The point is that the cost of lawsuits would come out of the police officer’s pockets due to higher premiums

man, it's a good thing police forces are private institutions funded by their own dollar.

Surely nothing bad could ever come of this arrangement.

That is a fantastic idea I whole heartedly agree with. Who is in charge of assigning the punishments? Police unions refuse to have civilian oversight.

legally, it should be the court, and a jury. Though we should also institute some protections against criminal enterprising, because it could be very easy to stack a court against them.

[–] CileTheSane@lemmy.ca 1 points 4 months ago (1 children)

man, it’s a good thing police forces are private institutions funded by their own dollar.

That's the entire point. Police stations are tax funded. They torture someone into a false confession and the station gets fined $900 000, which comes from taxes, so they don't fucking care.

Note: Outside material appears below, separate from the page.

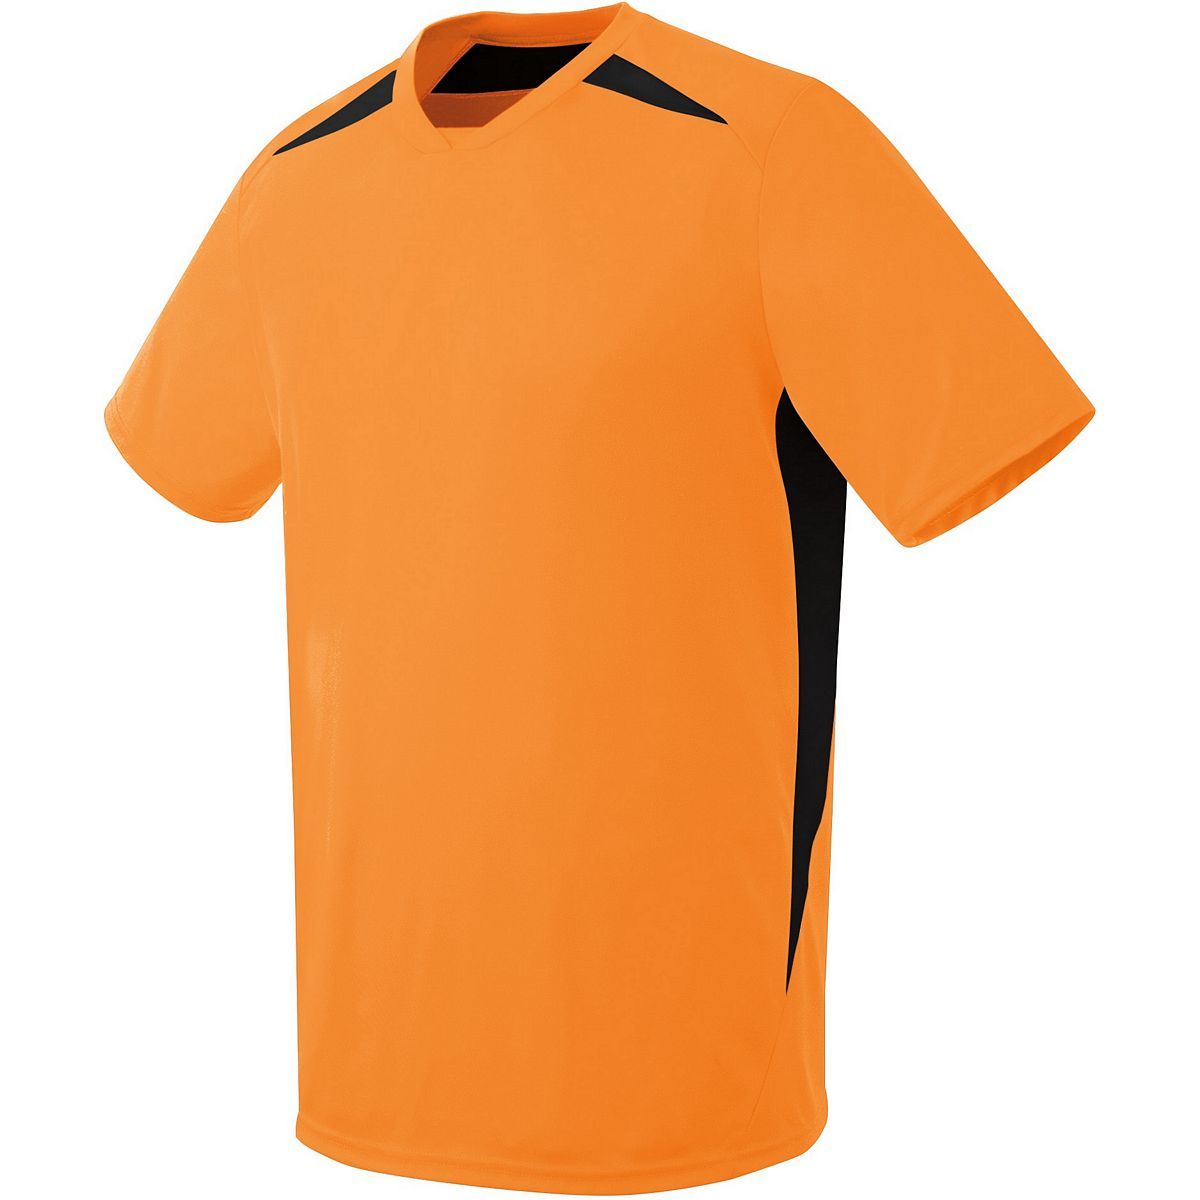 High 5 Youth Hawk Jersey in Power Orange/Black  -Part of the Youth, Youth-Jersey, High5-Products, Soccer, Shirts, All-Sports-1 product lines at KanaleyCreations.com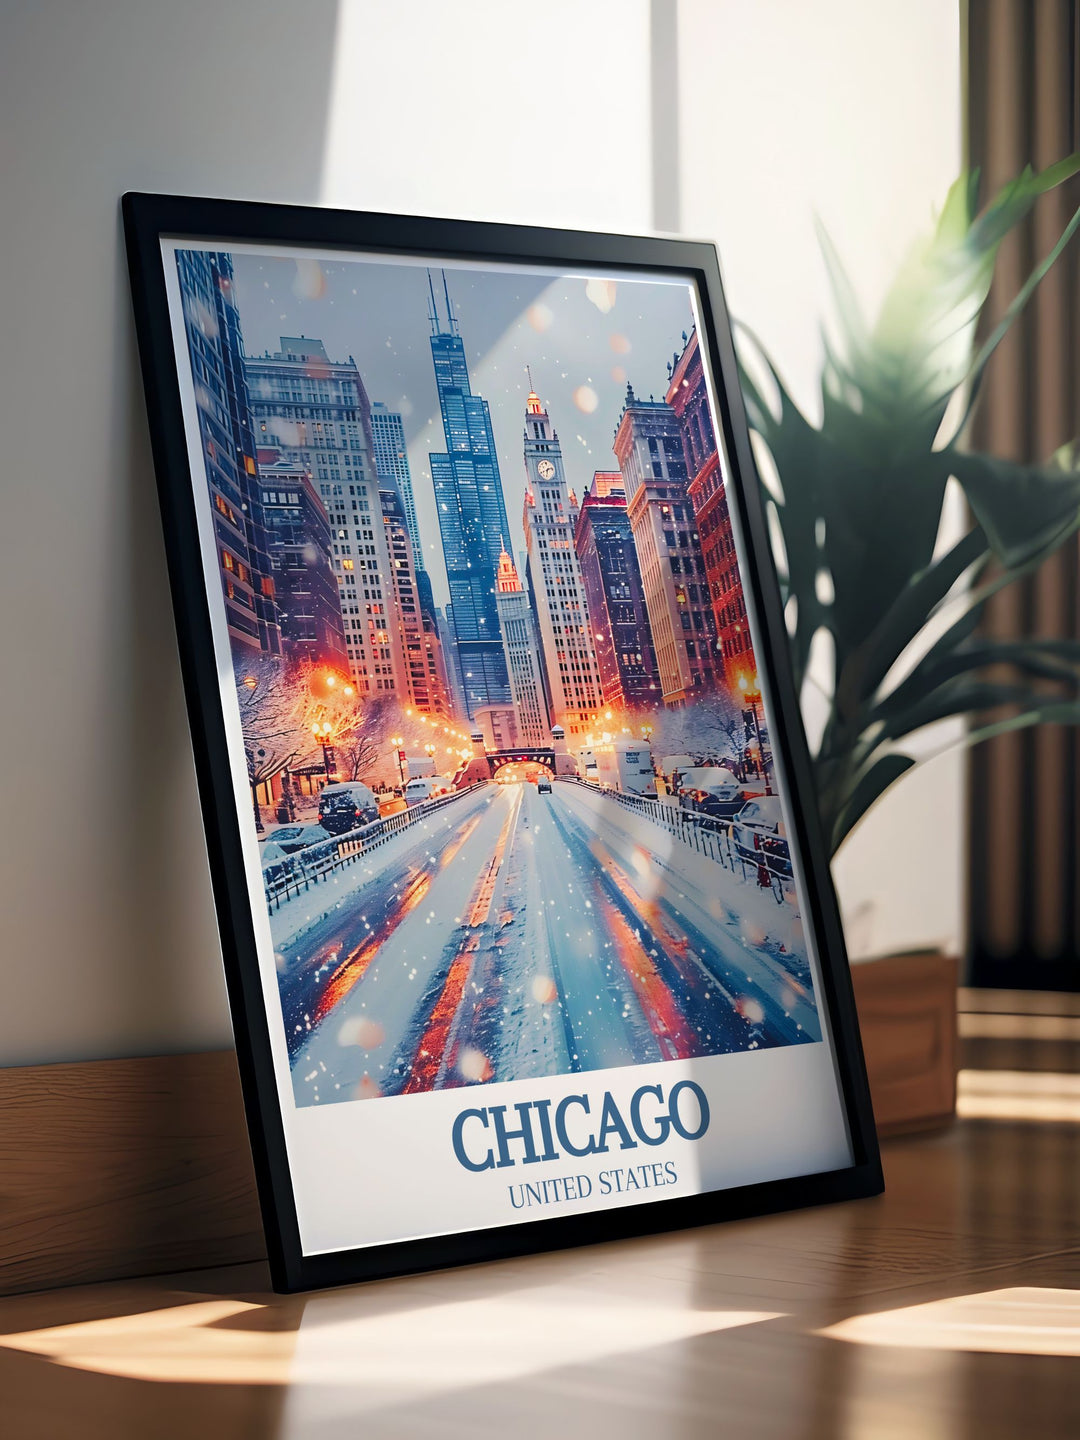 Showcasing the striking architecture of Michigan Avenue, this poster adds a unique touch of Chicagos urban beauty to your decor. Experience the vibrant allure of the Magnificent Mile with this art print, highlighting the citys rich history and modern elegance.

What I said was: the cost of lawsuits would come out of the police officer’s pockets, not the police precinct's. The Officers would be paying the insurance costs out of their paychecks. Each lawsuit means the officer ends up with less money. If a specific precinct keeps having lawsuits against it that will result in higher rates for working in a "high risk precinct". Lawsuits should result in financial consequences for the people involved, not for tax payers.

legally, it should be the court, and a jury.

There should absolutely be legal consequences for the officers involved here. How much do you want to bet there won't be?

[–] KillingTimeItself@lemmy.dbzer0.com 0 points 4 months ago* (last edited 4 months ago)

That’s the entire point. Police stations are tax funded. They torture someone into a false confession and the station gets fined $900 000, which comes from taxes, so they don’t fucking care.

the problem here is that they aren't reprimanded or punished, they need to be, not that the tax payers pay someone who was abused by an institution funded by tax dollary doos.

the cost of lawsuits would come out of the police officer’s pockets, not the police precinct’s. The Officers would be paying the insurance costs out of their paychecks. Each lawsuit means the officer ends up with less money. If a specific precinct keeps having lawsuits against it that will result in higher rates for working in a “high risk precinct”. Lawsuits should result in financial consequences for the people involved, not for tax payers.

a decent trick here would be forcing the police dept to represent itself, or the officers more specifically. That would come out of the budget fund, and then be an immediate problem.

There should absolutely be legal consequences for the officers involved here. How much do you want to bet there won’t be?

yeah, we literally run this country though, so i don't know why you're sitting here trying to argue something that isn't actually legal punishment, and then sitting here and complaining about the fact that there won't be, even though you're literally steel manning your own argument there.